Teatr z misją?
Uważam, że decyzja, by zabrać pieniądze teatrom, a dać je o. Rydzykowi na Wyższą Szkołę Kultury Społecznej i Medialnej była ze wszech miar słuszna. Wycofanie się z niej jest zaś błędem. Dotowany teatr nie jest żadną świątynią sztuki, jest kanałem dystrybucji propagandy lansującej tę grupę, która płaci.
Za rządów poprzedniej ekipy mieliśmy wysyp tak zwanych „prywatnych” teatrów. To nie były żadne prywatne teatry, ale placówki utrzymywane za pieniądze podatnika. Jeśli cofnie się tym rzekomym teatrom rządowe dotacje, to upadną jeden po drugim. I bardzo dobrze. Nie ma z nich żadnego pożytku.
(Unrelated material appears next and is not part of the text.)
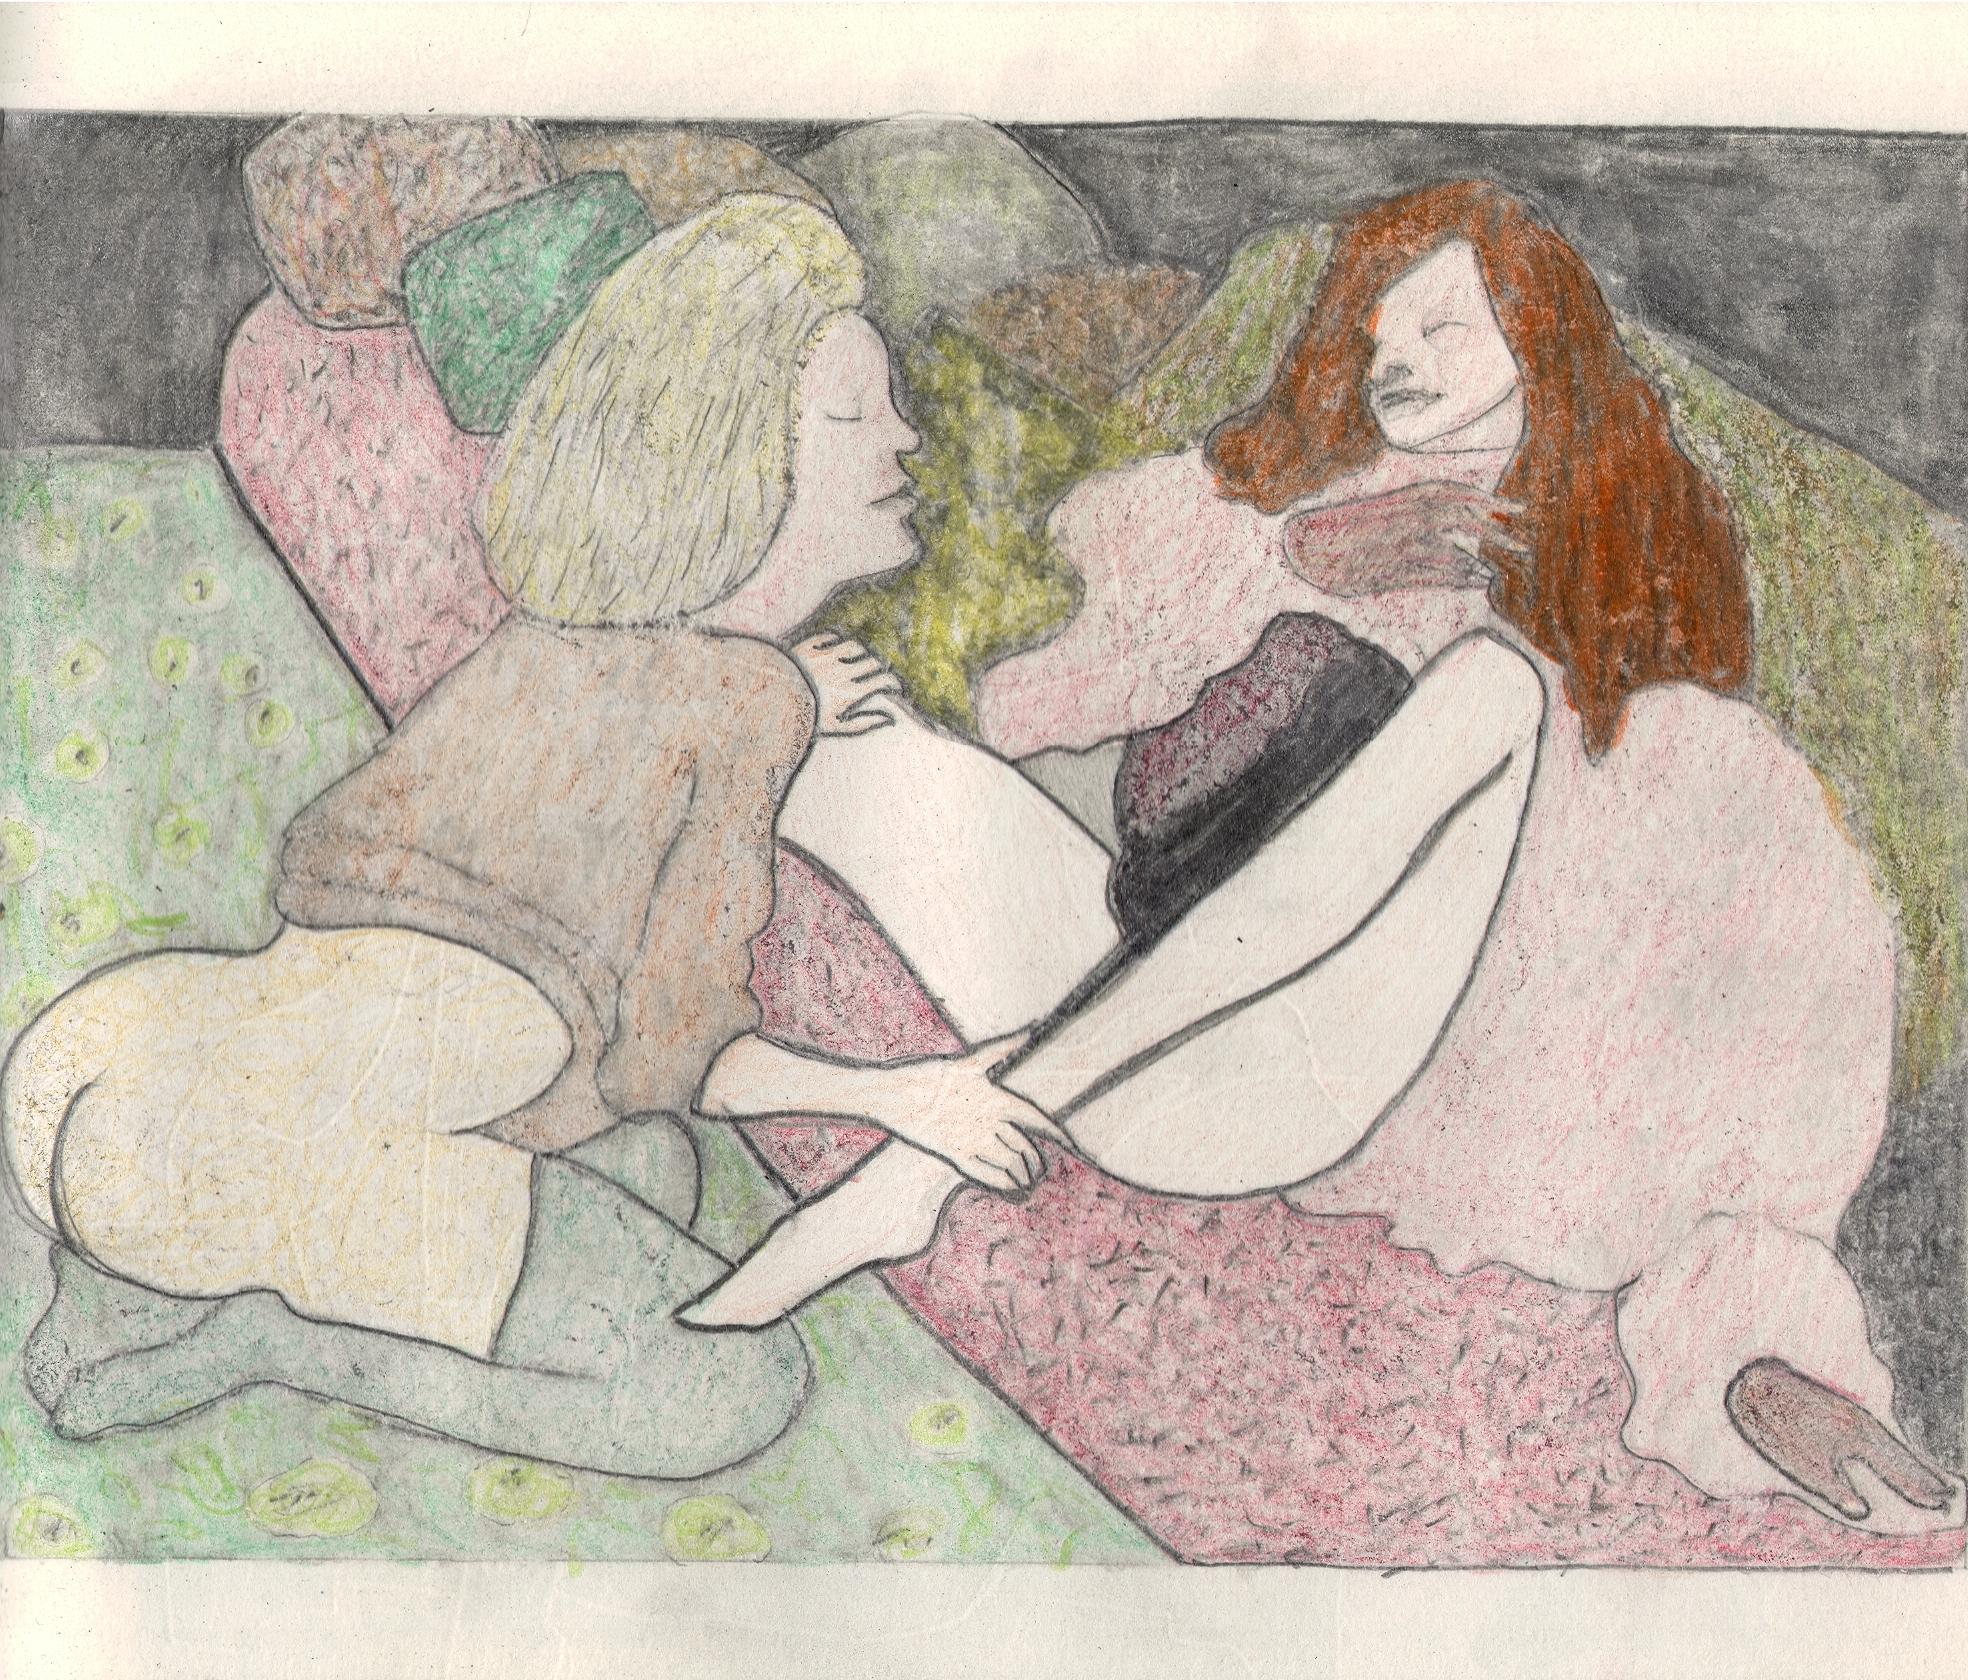 O.T. ( Serie Leonor Fini 3 ), 2018  Bleistift auf Papier, 26x35.5cm

No, ale nie o pożytek przecież chodzi, ktoś mi zaraz powie, sztuka przecież jest ważna. Jaka sztuka? - odpowiadam. Tam nie ma żadnej sztuki. To jest jedna wielka hucpa, w którą wkręcani są frajerzy, chcący płacić za bilety.
Czy artysta może robić, co chce?
Kiedy byłem na studiach, na kursie ze sztuki nowoczesnej padło hasło - artysta robi, co chce. Miał to być niby autentyczny manifest awangard wszelakich. To jest kłamstwo, nawet nie perfidne, ale prostackie, mające przykryć jumę, czyli kradzież publicznych pieniędzy, artysta bowiem nigdy nie robi tego, co chce. Zawsze robi to, co mu każą. Dotyczy to wszystkich rodzajów sztuk. Jeśli artysta jest na tyle nierozsądny, by działać z własnej inicjatywy i lansować swoje pomysły, które jakoś może wpisują się w propagandę różnych wpływowych grup, ale nie do końca i trochę obok instrukcji, musi się liczyć ze śmiercią głodową, która będzie wynikiem obojętności odbiorcy. Ten bowiem, nie licząc pojedynczych przypadków, zawsze czeka na sygnał, po którym ma pewność, że może już bezpiecznie entuzjazmować się wraz z innymi oszukanymi jakąś sztuką, czy rzeźbą. Tak to działa i nie chce być inaczej. Artysta, którego interesuje coś innego niż najbardziej chamska i prymitywna propaganda, zostaje zapomniany. Dwa stulecia później, uczą o nim studentów i mówią, że był nieszczęśliwy. Trochę może zarobił, ale sławy nie zyskał. Oczywiście, że nie zyskał, bo sławę zyskuje się w wyniku działań propagandowych.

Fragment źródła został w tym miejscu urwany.